Rząd Australii planuje wprowadzenie nowych przepisów, które mają zachęcić duże firmy technologiczne do płacenia australijskim mediom za publikowanie ich treści. Wiceminister skarbu i minister ds. usług finansowych Stephen Jones wyjaśnia, że nowelizacja przepisów zwiększy presję na globalnych gigantów technologicznych, takich jak Meta czy Google.
W przypadku odmowy firmy muszą się liczyć z wielomilionowymi opłatami za prawo do operowania na rynku australijskim. Nowe przepisy przewidują, że opłata taka będzie zredukowana po podpisaniu odpowiedniej umowy z wydawcami oferującymi treści medialne.
Australijski rząd szacuje, że platformy, których dotyczą opłaty, generują w Australii przychody przekraczające 250 milionów dolarów australijskich.
Już w roku 2021 Australia uchwaliła przepisy zobowiązujące amerykańskich gigantów technologicznych do wnoszenia opłat na rzecz firm medialnych za treści, które przyciągają czytelników i przynoszą przychody z reklam.

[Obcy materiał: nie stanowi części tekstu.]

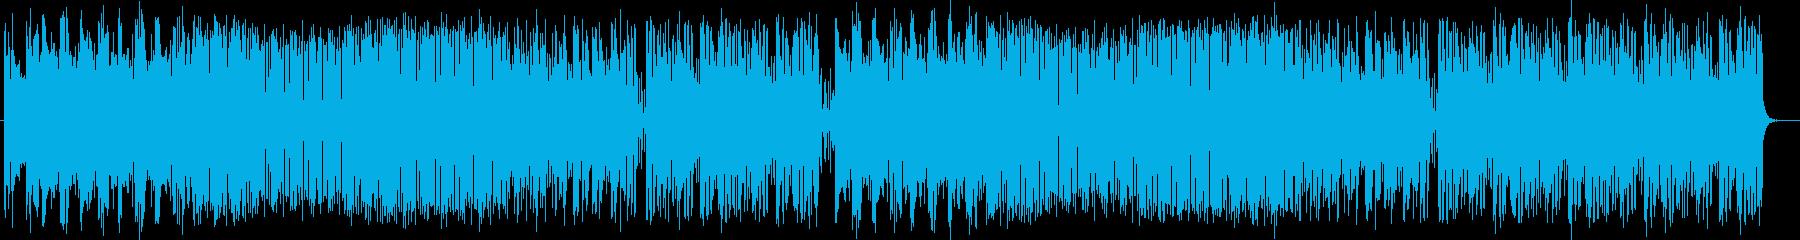 爽やかなシンセサイザーなどの曲の再生済みの波形
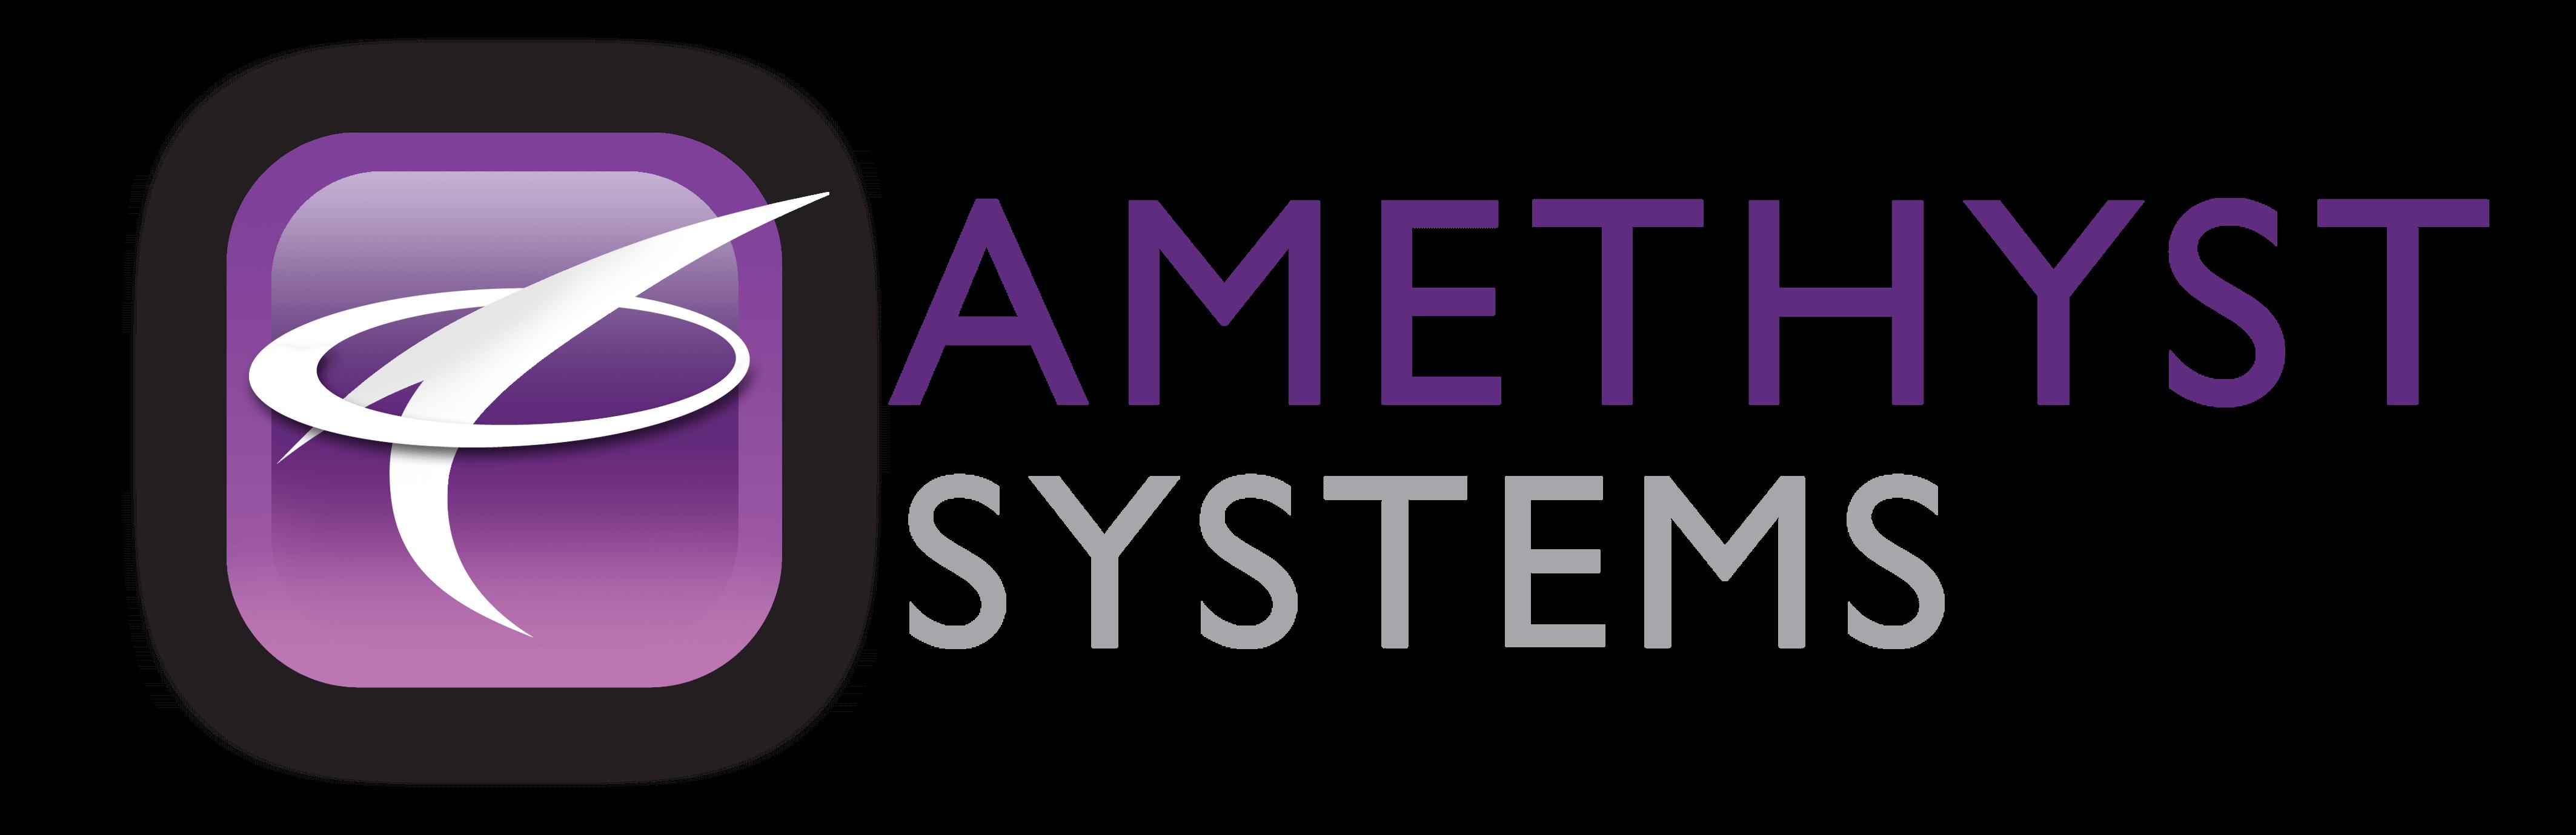 Amethyst Systems

Wtedy Meta – właściciel między innymi Facebooka – zawarła umowy z kilkoma australijskimi firmami medialnymi, w tym News Corp i publicznym nadawcą Australian Broadcasting Corp, ale nie zamierza przedłużać tych porozumień po roku 2024.
Obecna inicjatywa rządowa ma skłonić właścicieli mediów społecznościowych i wyszukiwarek do podpisania odpowiednich umów i faktycznego wnoszenia opłat.